We can count the number of NAs in our data:
sum(is.na(penguins$bill_length_mm))
## [1] 2
Many R functions do not know how to handle an absence of data without
our instruction. We can do this a number of ways but for now we’ll use
na.omit and save the new, NA-free variable, for plotting.
bill_length <- na.omit(penguins$bill_length_mm)
hist(bill_length,
main = "Histogram of Bill Length",
xlab = "Bill Length (mm)",
col = "skyblue",
border = "white")

Note: Putting ? or ?? before a function name will search your
installed packages for any help documentation on that particular
function. You can use ?hist to see more options for histograms, for
example. Help files include descriptions of all arguments used in the
function, as well as examples of the function in use.

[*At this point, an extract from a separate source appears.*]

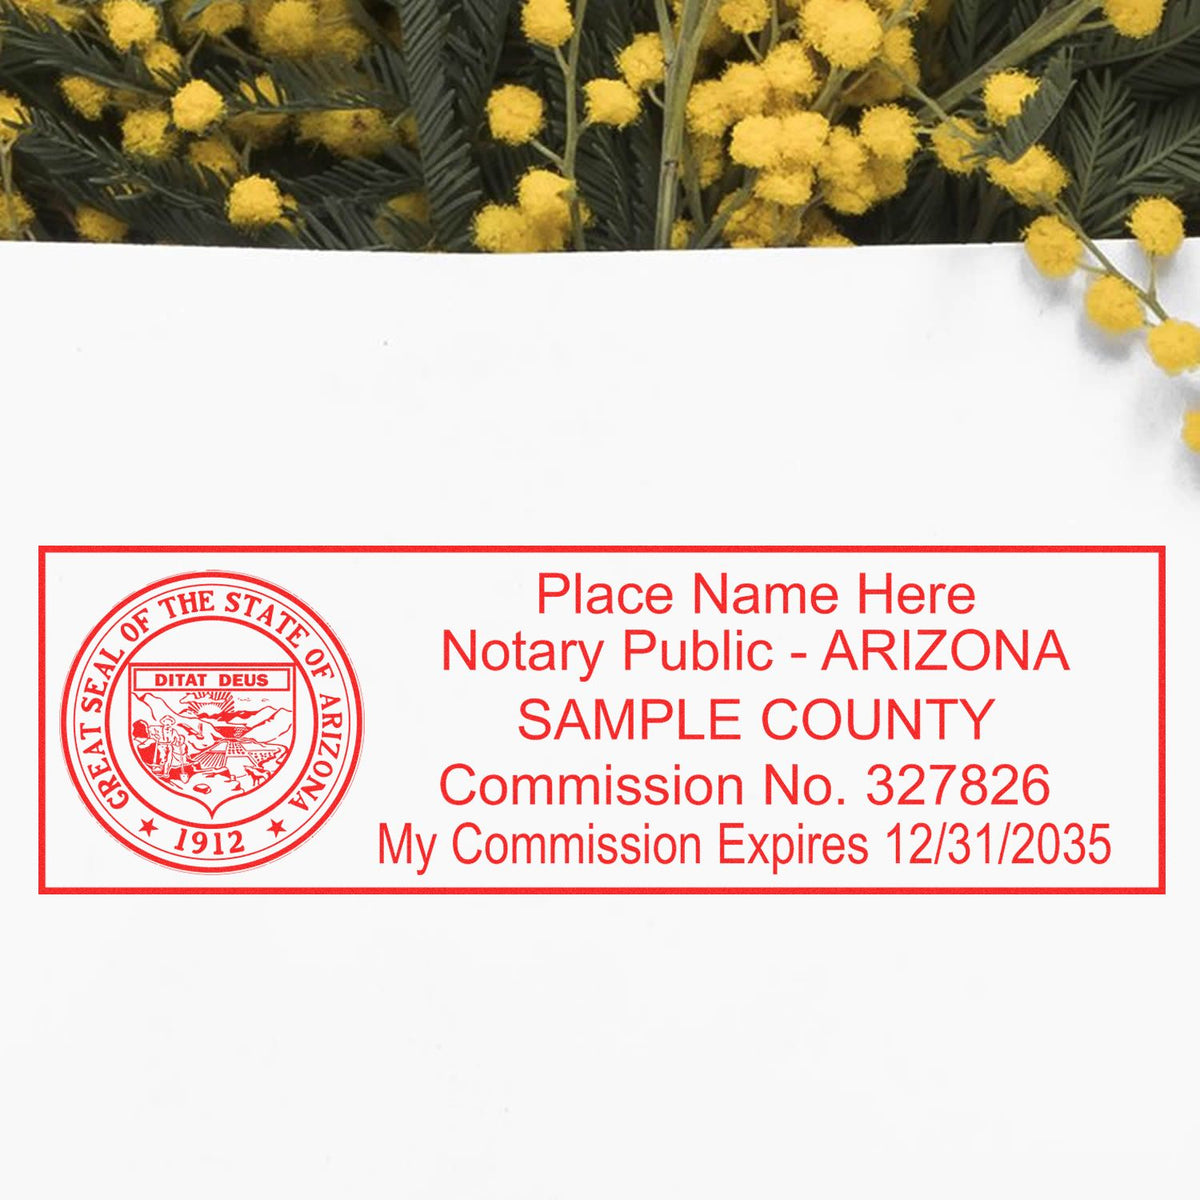 An alternative view of the MaxLight Premium Pre-Inked Arizona State Seal Notarial Stamp stamped on a sheet of paper showing the image in use

We can also see how bill length varies by species:
boxplot(penguins$bill_length_mm ~ penguins$species,
main = "Bill Length by Species",
ylab = "Bill Length (mm)",
col = c("lightpink","lightgreen","lightblue"))

Each box represents the distribution of bill length data for one species. Look for differences in median, spread, and outliers. Remember that this is a simple visualisation; it is not a test for significant differences. Those will come, later.
Lessons learned
- The Palmer Penguins dataset is small but has numeric and categorical data
- head(), str(), and summary() are your first tools for exploration
- Visualisations help you see patterns before analysing